Se puso en pie, cogió la pistola que había dejado en la estantería, rodeó el expositor de aperitivos y se acercó a Ronnie, que esperaba que lo pusieran al día sobre el estado de Sabra.

Capítulo 13

– ¿Por qué no responden al teléfono? -Los acontecimientos habían reducido el característico rugido de Dendy a un agudo chillido. Estaba fuera de sí.

De hecho, los disparos habían sumido en un estado próximo al pánico a todos los reunidos en la camioneta. Cole Davison había salido corriendo, sólo para regresar instantes después y gritarle a Calloway por haber movilizado el equipo de fuerzas especiales.

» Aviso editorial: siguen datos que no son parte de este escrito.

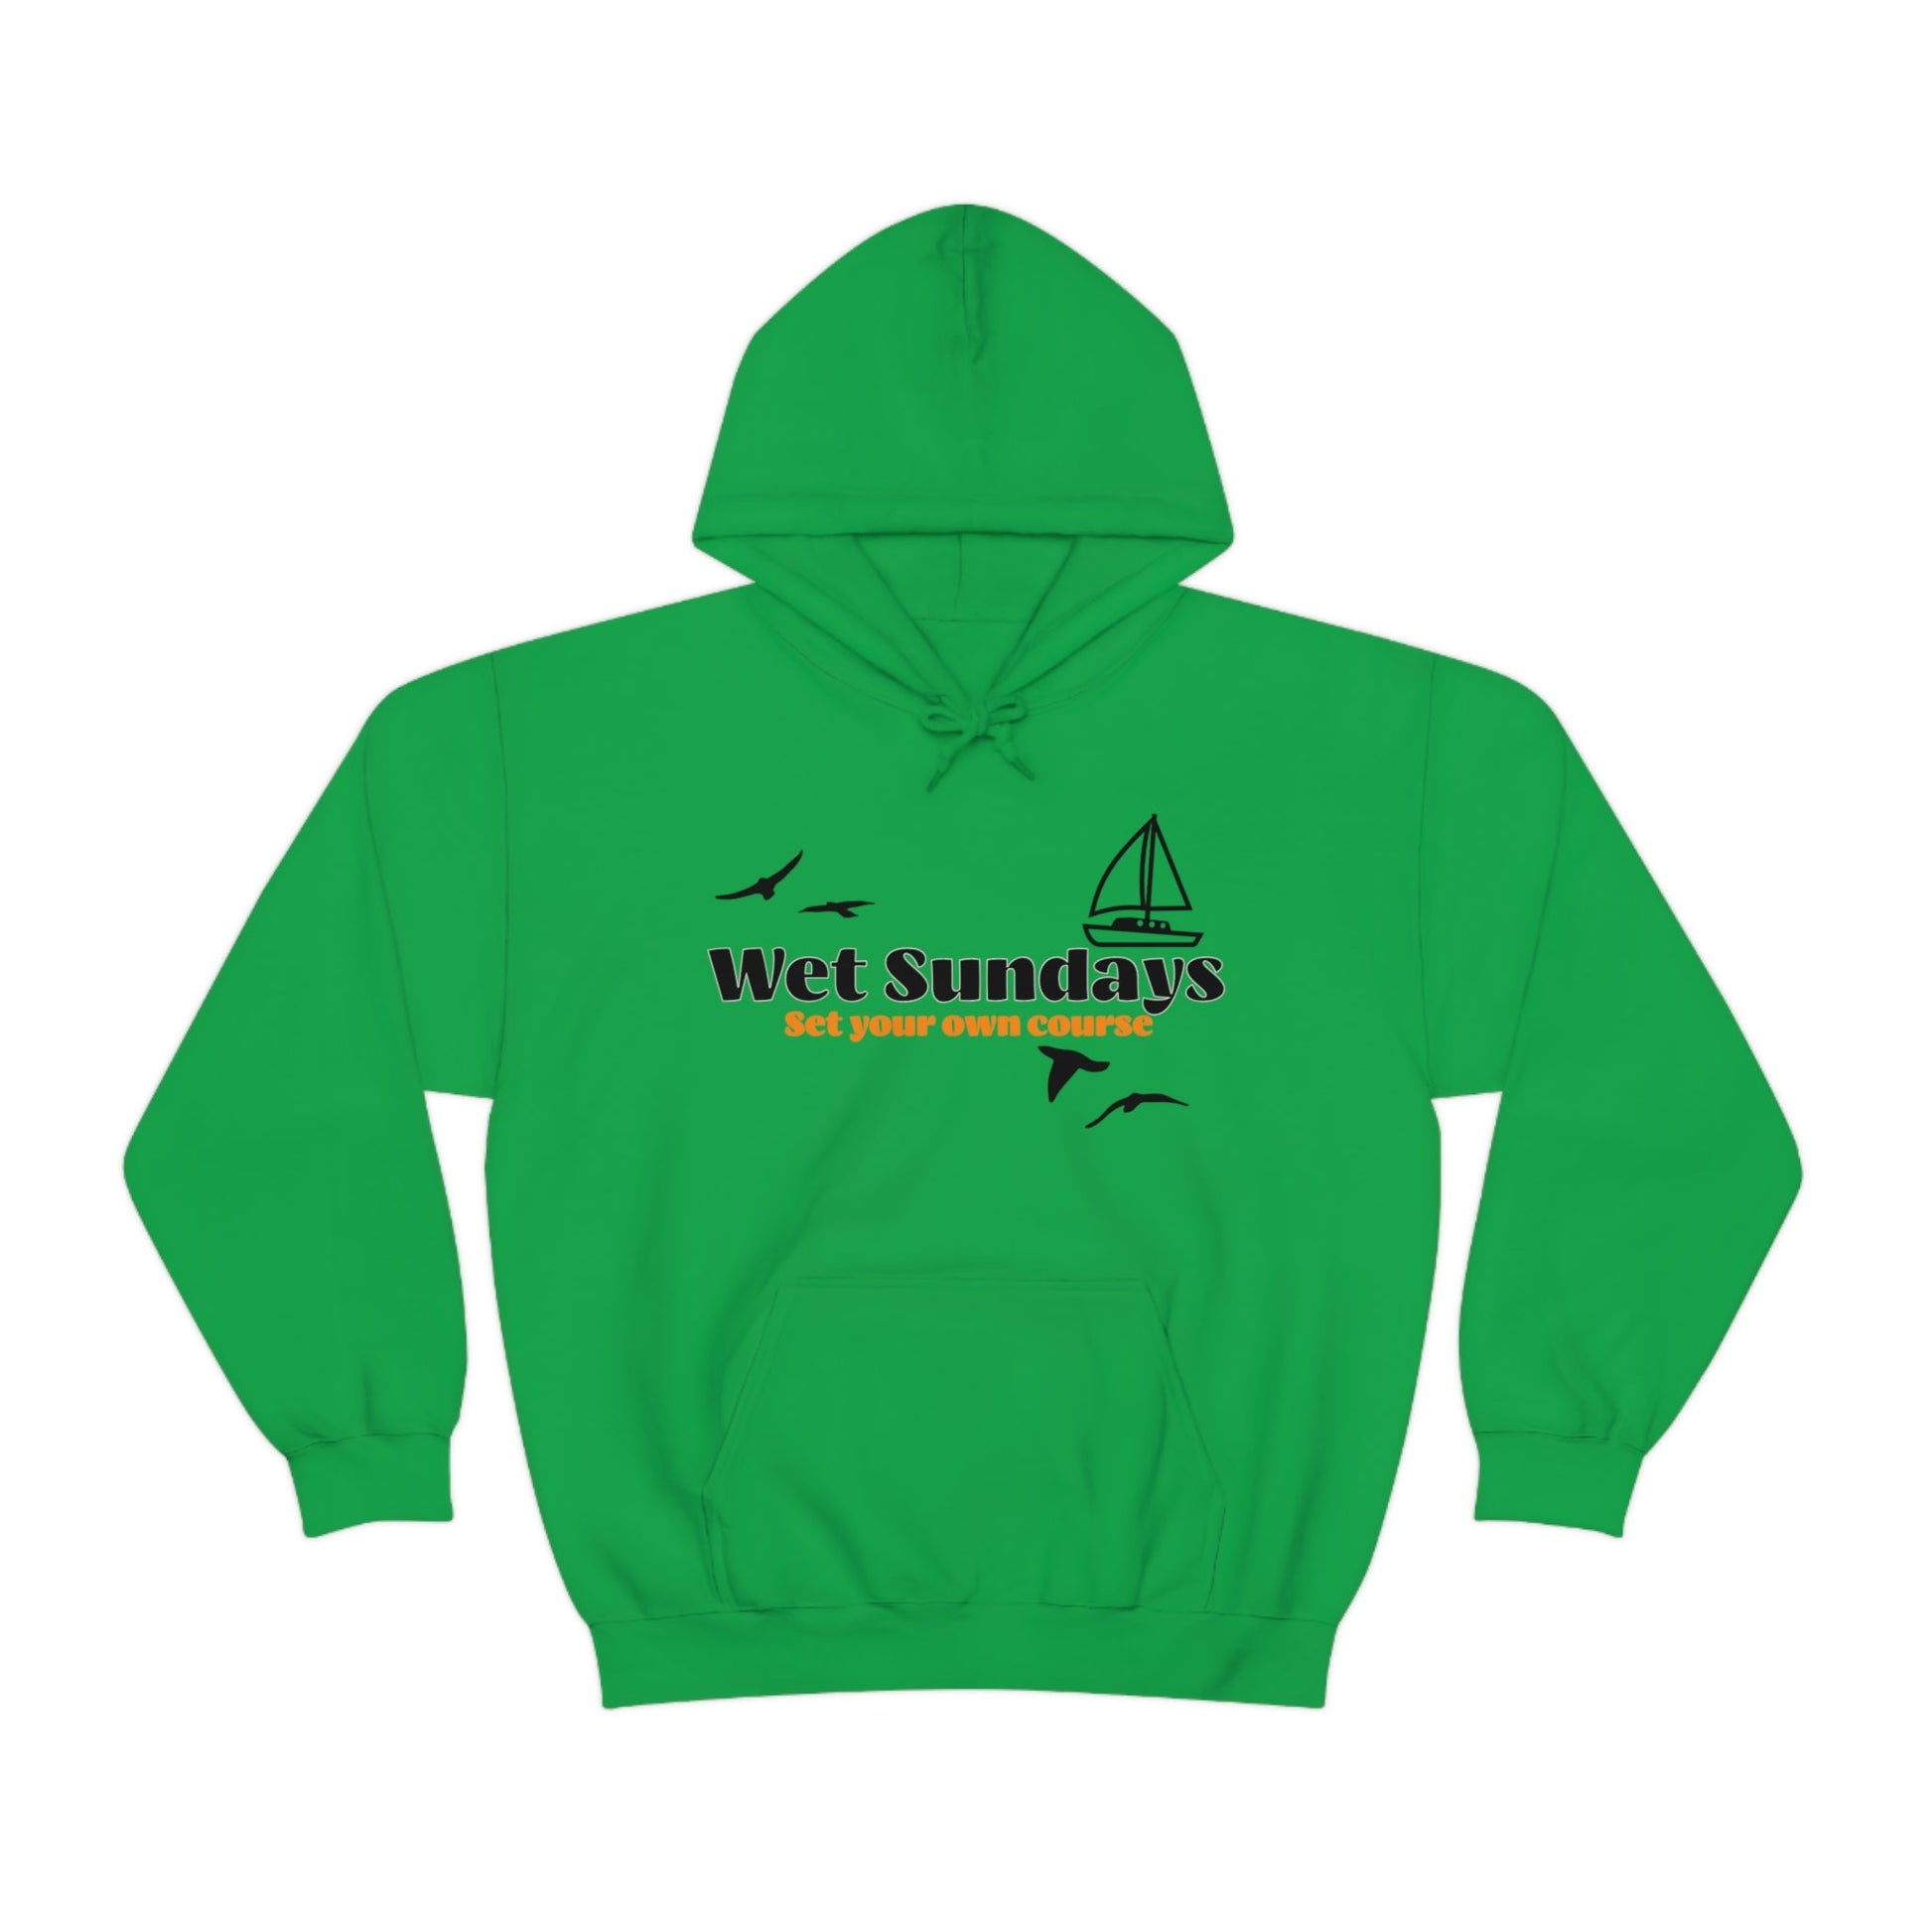 Green Graphic Hoodie - Wet Sundays

– ¡Lo prometió! Dijo que Ronnie saldría ileso. Si lo presiona, si piensa que está sitiándolo, podría… podría hacer algo como lo que ya hizo.

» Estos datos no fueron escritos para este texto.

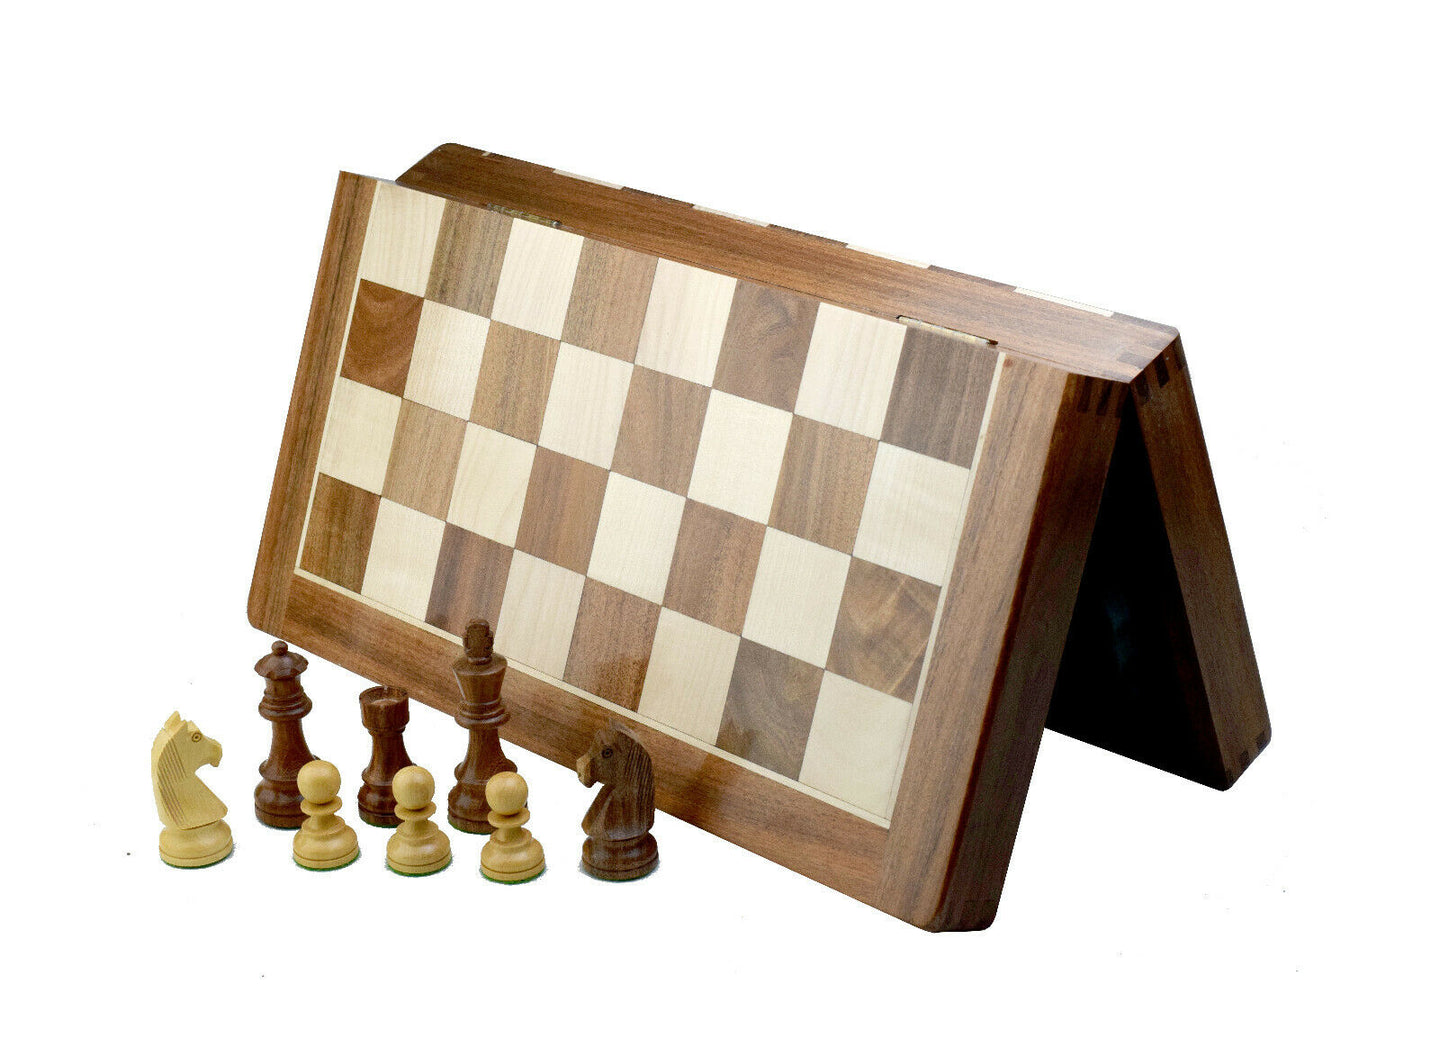 Figury szachowe Staunton 3,75 '' + składane szachownica 18 '' pudełko do przechowywania.

– Cálmese, señor Davison. Estoy tomando las medidas de precaución que considero adecuadas. -Calloway se llevó el auricular del teléfono al oído, pero su llamada al supermercado seguía sin obtener respuesta-. ¿Ve alguien algo?

– Movimiento -vociferó uno de los agentes. A través de unos cascos comunicaba con otro agente apostado en el exterior y que vigilaba con prismáticos-. Imposible descifrar quién está haciendo qué.

– Mantenme informado.

– Sí, señor. ¿Va a contarle al chico lo de Huerta?

– ¿Quién es ése? -quería saber Dendy.

– Luis Huerta. Uno de nuestros «diez más buscados». -Y, dirigiéndose al otro agente, dijo Calloway- No, no voy a decírselo. Cundiría el pánico entre ellos, incluyendo a Huerta. Es capaz de casi todo.

Ronnie respondió el teléfono.

– ¡Ahora no, estamos ocupados!

Calloway maldijo profusamente cuando el tono de marcar sustituyó la voz angustiada de Ronnie. Marcó de nuevo de inmediato.

– ¿Que uno de los mexicanos de ahí dentro está en la lista de los diez más buscados por el FBI? -Cole Davison estaba cada vez más confuso-. ¿Por qué? ¿Qué ha hecho?

– Contrabando de mexicanos en la frontera, con la promesa de proporcionarles visados de permiso de trabajo y buenos puestos, para luego venderlos como esclavos. El verano pasado, la patrulla fronteriza recibió un chivatazo de una entrada y estaba siguiéndole la pista. Huerta y dos de sus esbirros, al darse cuenta de que estaban a punto de ser atrapados, abandonaron el camión en el desierto de Nuevo México y se dispersaron como cucarachas que son. Todos escaparon.